The drama all started when Zille tweeted a link to an article about the DA lodging a formal complaint with the office of the Public Protector over a December ruling by Pretoria High Court Judge Neil Tuchten, who found that Gigaba’s claim that he never gave approval to Fireblade Aviation – owned by the Oppenheimer family – to establish a VIP facility at OR Tambo International Airport during a meeting in January 2016 was false when he was the then minister of home affairs.

Although the judgment went under the radar, Judge Tuchten found that Gigaba had violated the constitution by lying under oath and denied him the right to appeal an October 2017 judgment by the same court that ruled in favour of Fireblade Aviation.

The DA on Wednesday got hold of the judgment and the appeal denial shortly before Gigaba delivered his budget speech in parliament and circulated the unfavourable court findings on social media.

Zille first tweeted: “Ladies and Gentleman, this is the man responsible for safeguarding the national purse.”

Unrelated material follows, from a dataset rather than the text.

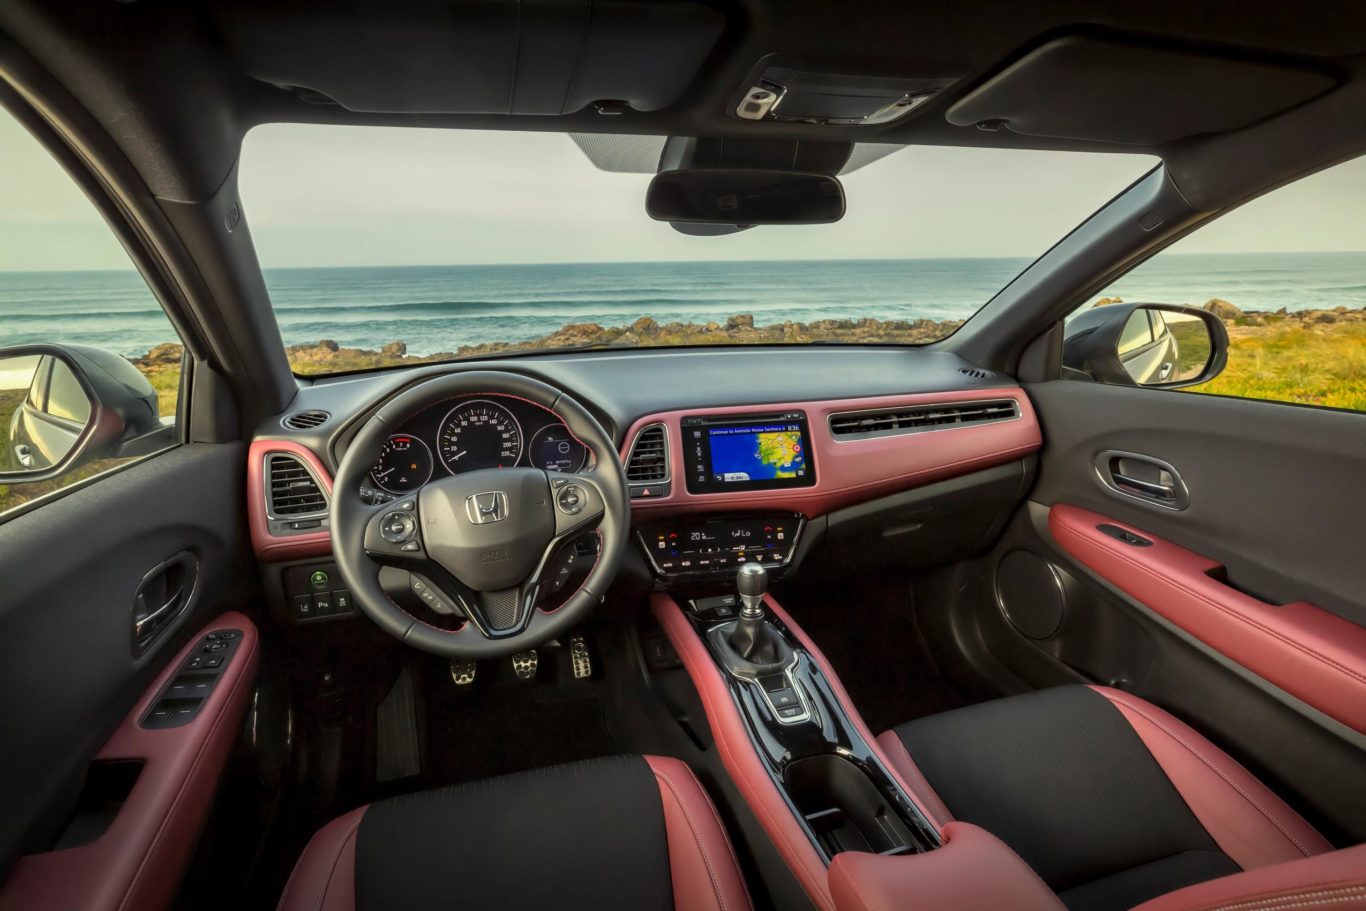 The interior features a range of dynamic touches

Hanekom got riled up over the statement and called on Zille to resign after reminding her of her tweets in defence of colonialism.

“This is the person who thinks colonialism isn’t all that bad. Do us a favour Helen – do what our former President [Jacob Zuma] did,” he tweeted in response.

True to her Twitter reputation, Zille did not let the criticism lie. She fired back at Hanekom and accused him of being a troll.

She tweeted: “You are misrepresenting what I said entirely and you know it, you troll. There is a difference between colonialism and it’s LEGACY. And there is a difference between saying something is not ONLY negative compared to saying it isn’t ‘all that bad’. You know it, but are desperate [sic].”

Even though Zille apologised last year for creaing a racial storm after the DA federal executive started disciplinary proceedings against her, the premier seems to have courted more controversy earlier this month when she tweeted again in defence of colonialism.

She suggested that citizens affected by the drought in Cape Town had imperialism to thank for piped water. Her comments angered many Twitter users and reignited calls for her to resign from office. The DA reportedly sent her a letter warning her to stay away from tweeting about colonialism.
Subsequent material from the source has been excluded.